He hung his head as though in shame. Reached into his pockets and gave me a fistful of money. Sometimes, the largesse was so good that long before the show was to start that evening, I was already miles down the road, old Clyde pulling the wagon on to the next town.

I counted the money after he left. It wasn’t as much as I had been given in other towns, so I decided to stay in Webster and do the show tonight, pass the hat, hope to earn a little more.

At sunset that evening, I stowed the cash in my satchel and hid it under the bed. Then walked into the Sleeping Lady, dragging a small costume trunk and a valise bulging with sheet music. A few customers had already trickled in, a woman at the piano pounding out a tune. The man behind the bar was not the same one I had spoken with this morning. He was older, balding, a handle bar mustache covered most of his lower face, and moved up and down when he talked.

“Can I help you, Miss?”

“Yes, sir, I’m Molly Blake. I’m performing tonight. Where’s a good place to unpack the props and stow my costumes?”

He stopped polishing a glass, set it down, cocked his head.

“I don’t understand, Miss. What play?”

I explained that earlier that day, a young bartender had hired me to put on a show tonight. Courtesy of paying guests, not a penny paid by the saloon owner.

“I’m the owner,” he said. “Jim Bridgeforth. This is the first I’ve heard of it. Joseph had no authority to hire you, or anyone else.”

I stepped back, confused, set the trunk down hard on the floor. “What? But he said I could perform tonight!”

He looked worried then, scratched his head. “I just hired that young man last week. I never told him he could do anything like this.”

“Joseph!” he hollered.

There was no answer.

“What the hell?” He excused himself, walked behind the bar and out through a door into a back room. Then I heard him swear. He came storming back, a shotgun in his hand.

I cowered, ducked my head. The piano player stopped, all eyes turned towards the gun, then at me. The saloon went silent.

Mr. Bridgeforth waved the shotgun in front of him, back and forth, his face red. “That son of a bitch cleaned out my safe! He must have taken off! I can’t believe it!”

He glared at me. “When did you speak with Joseph?”

“Sometime before noon.

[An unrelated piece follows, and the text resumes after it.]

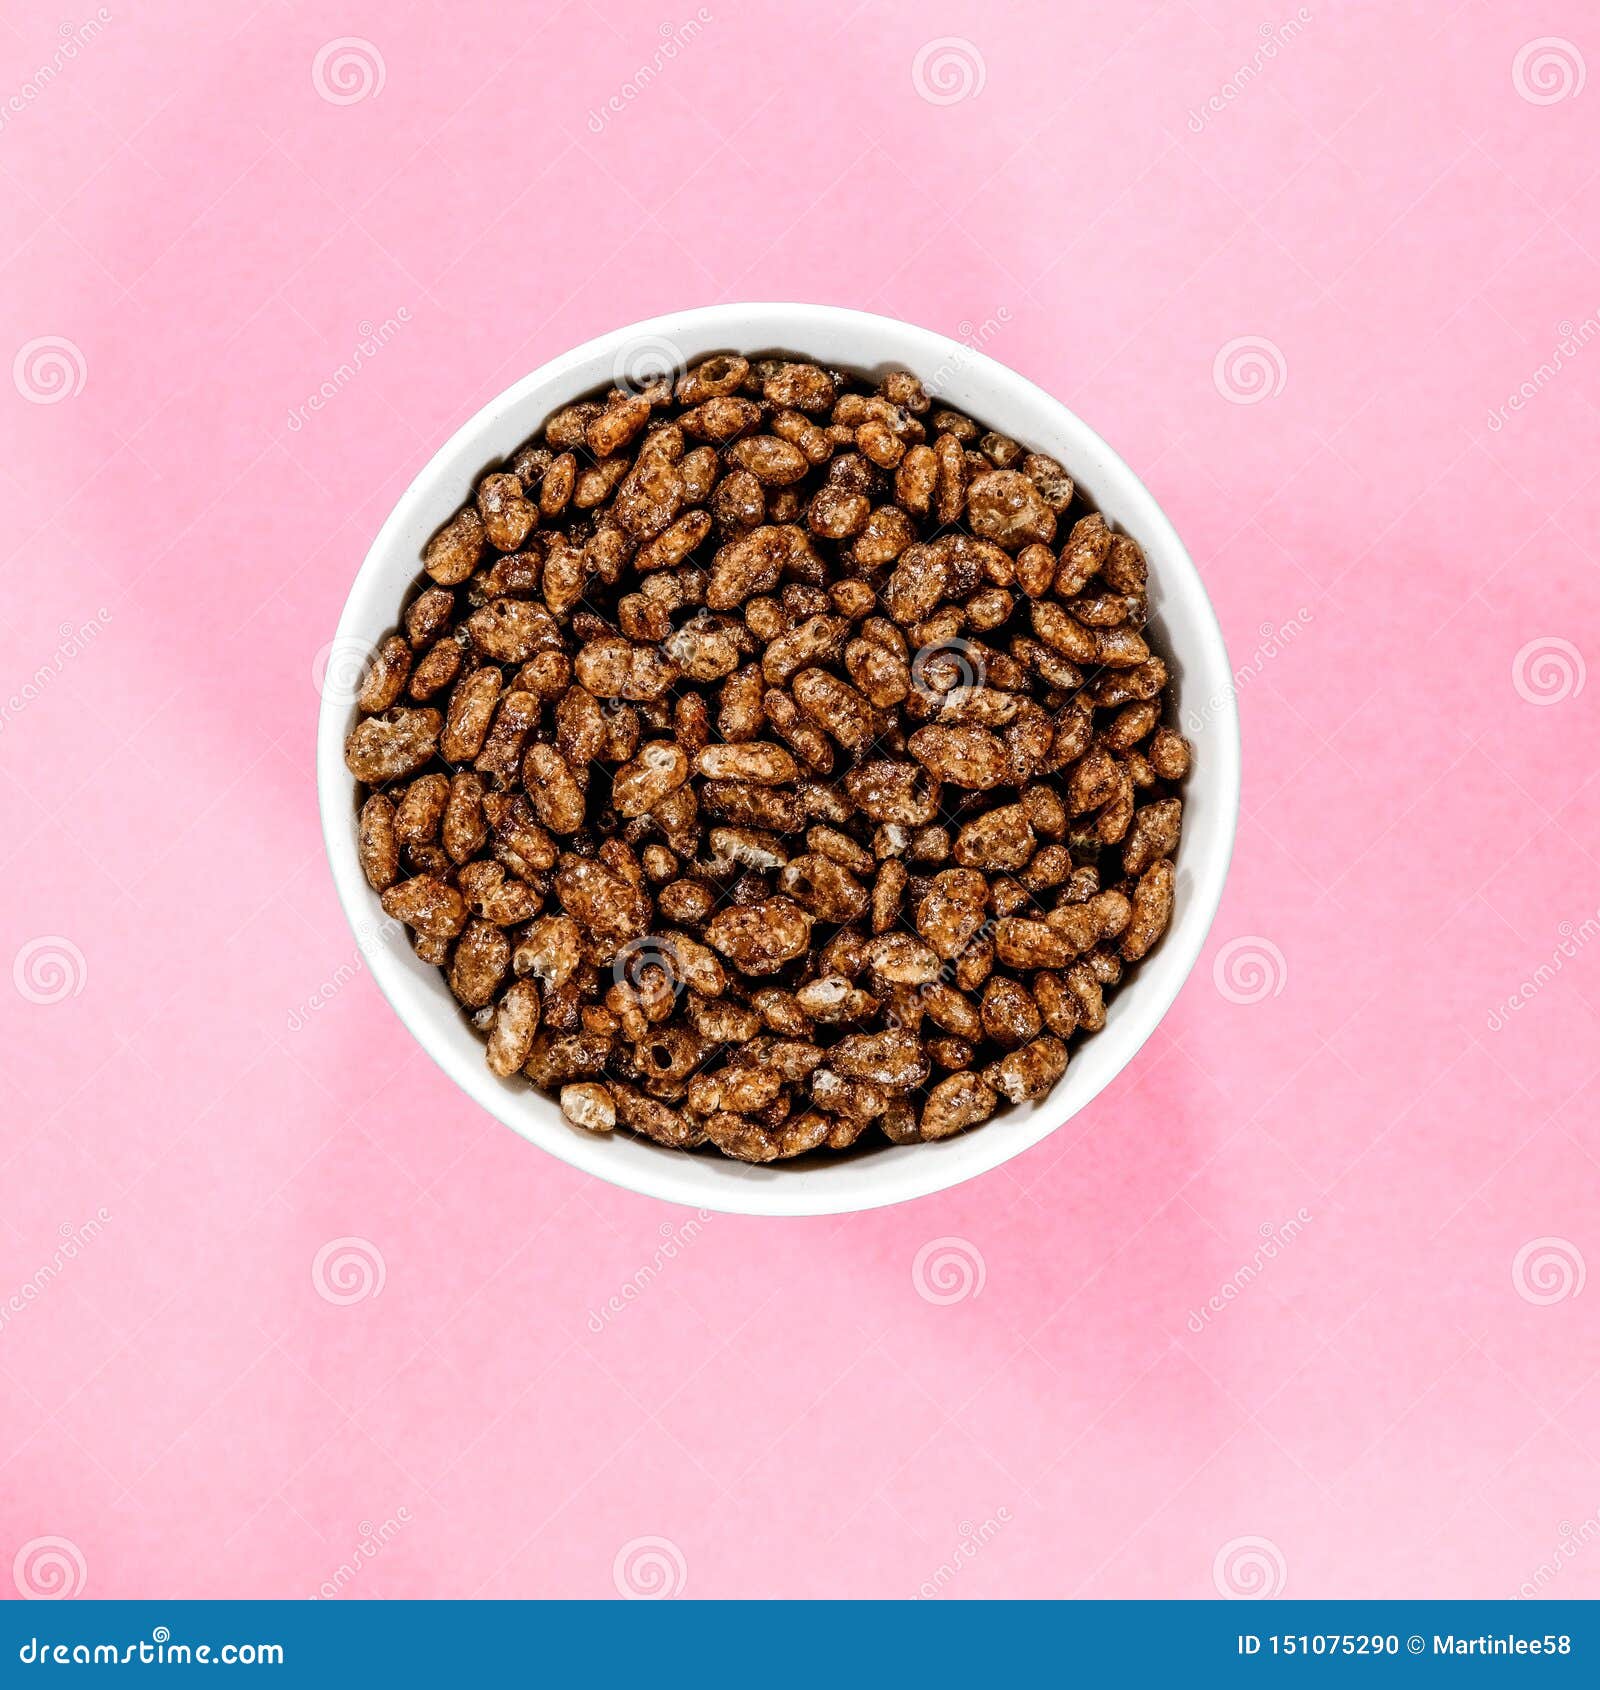 bowl of chocolate flavoured coco pops breakfast cereals
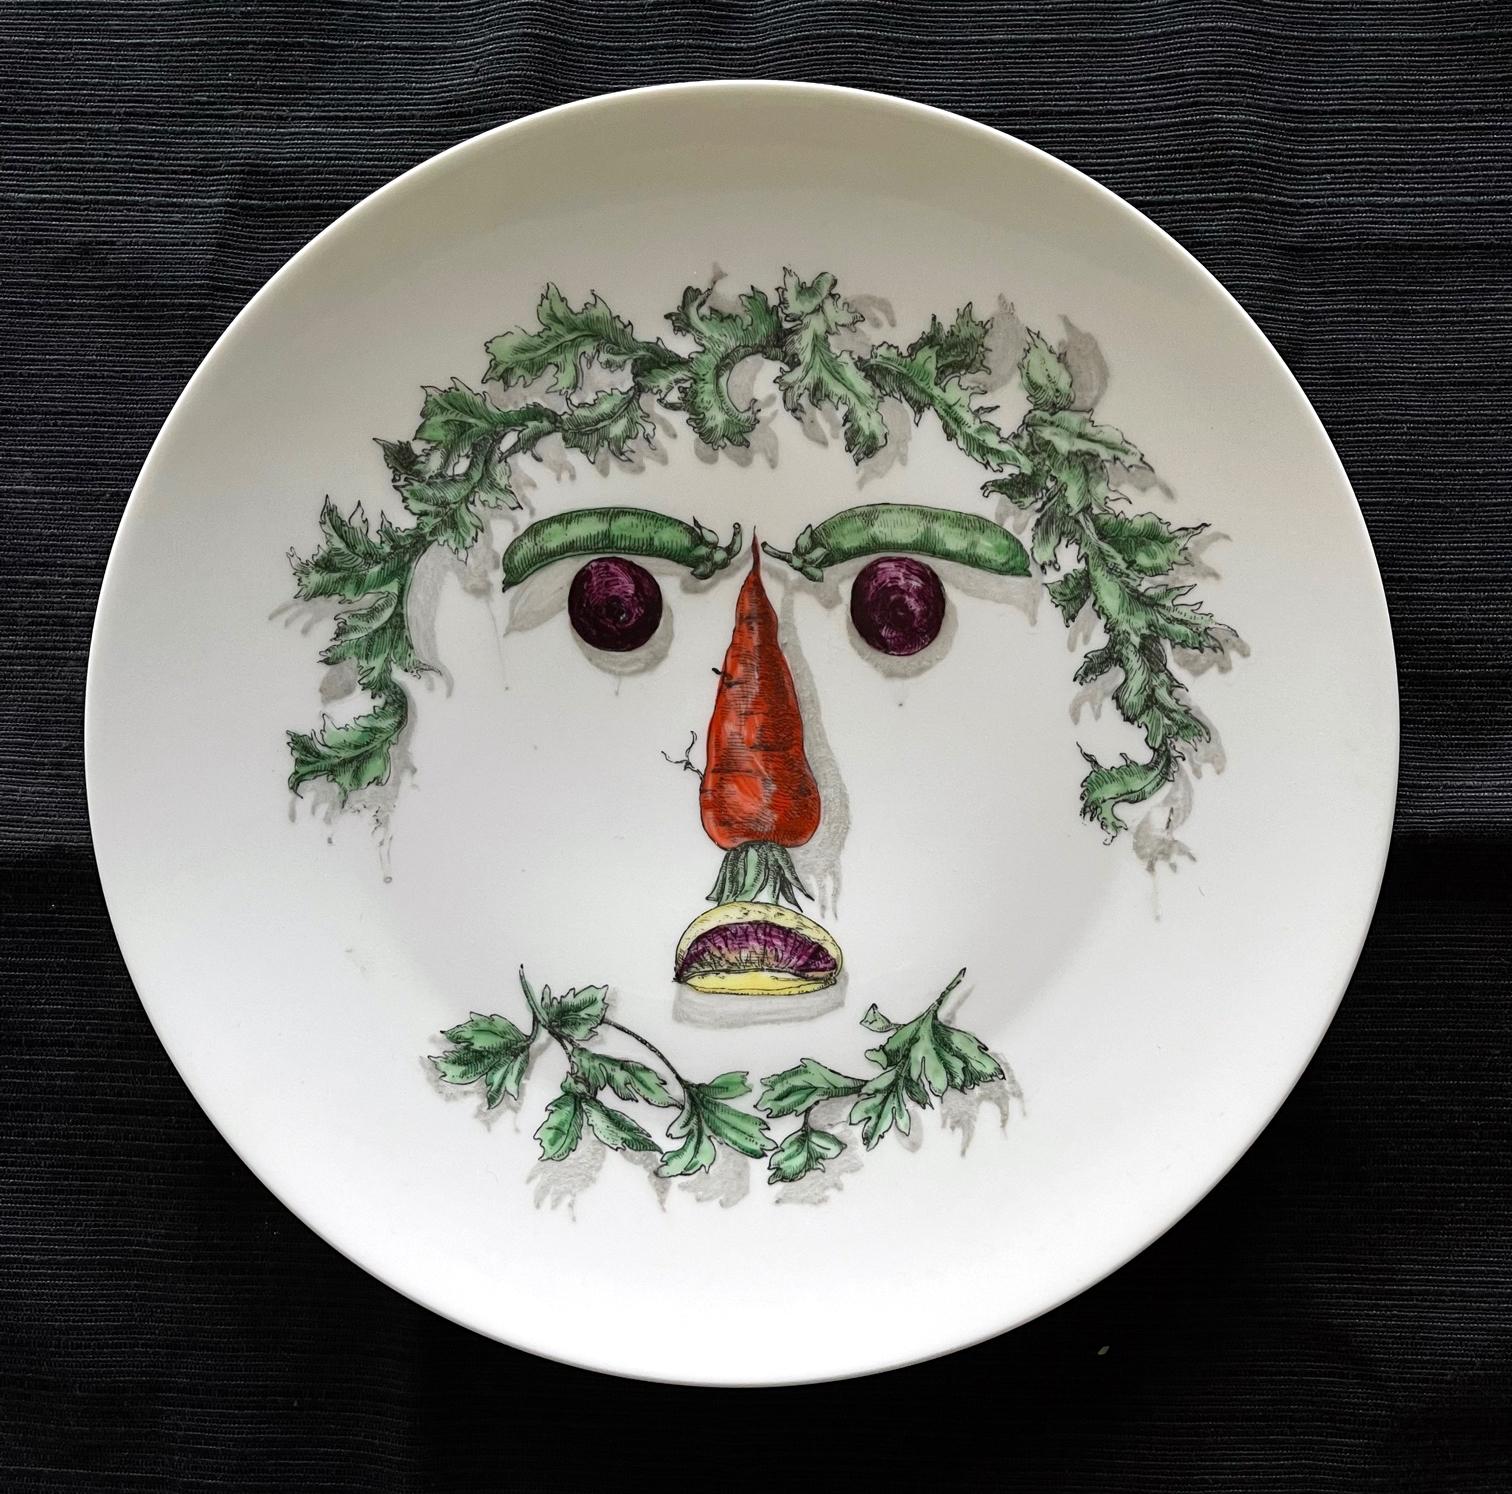 Fornasetti Porcelain Plate with face made with arranged vegetables. Stamped

He gave me permission to set up the mural over there.”  I pointed a shaky finger towards the piano in the corner. He looked shocked, said he hadn’t noticed it earlier. Pulled at his ears, bared his teeth in anger. Kicked at a table.

“Shit,” he muttered. “Where’d he go?” he looked up at the ceiling as though a voice would tell him.

“What am I supposed to do now?” I asked, wringing my hands. “I need the work, and if I can’t perform tonight, I must be off to the next town. I was counting on this.”

He pointed at a chair, scowled at me. “Stay right here, Miss Blake. Don’t go anywhere. I’m getting the sheriff.”  He pushed through the swinging doors, and out into the night.

I sat down at a table, chewed on the side of my fingernail until the sheriff burst back through the doors with the saloon keeper. Mr. Bridgeforth and the sheriff went behind the bar into the back room, then emerged a short while later. The sheriff had a frown on his face. They both walked over to my table, looked down at me.

I answered their questions, listened to them as they talked about Joseph, the safe and the money. Then I cried. Said I needed the work. My words fell like bees buzzing around their heads as they talked about the robbery.

Finally, they seemed to notice me. Mr. Bridgeforth shook his head and walked over to the table. He put his hand on my shoulder.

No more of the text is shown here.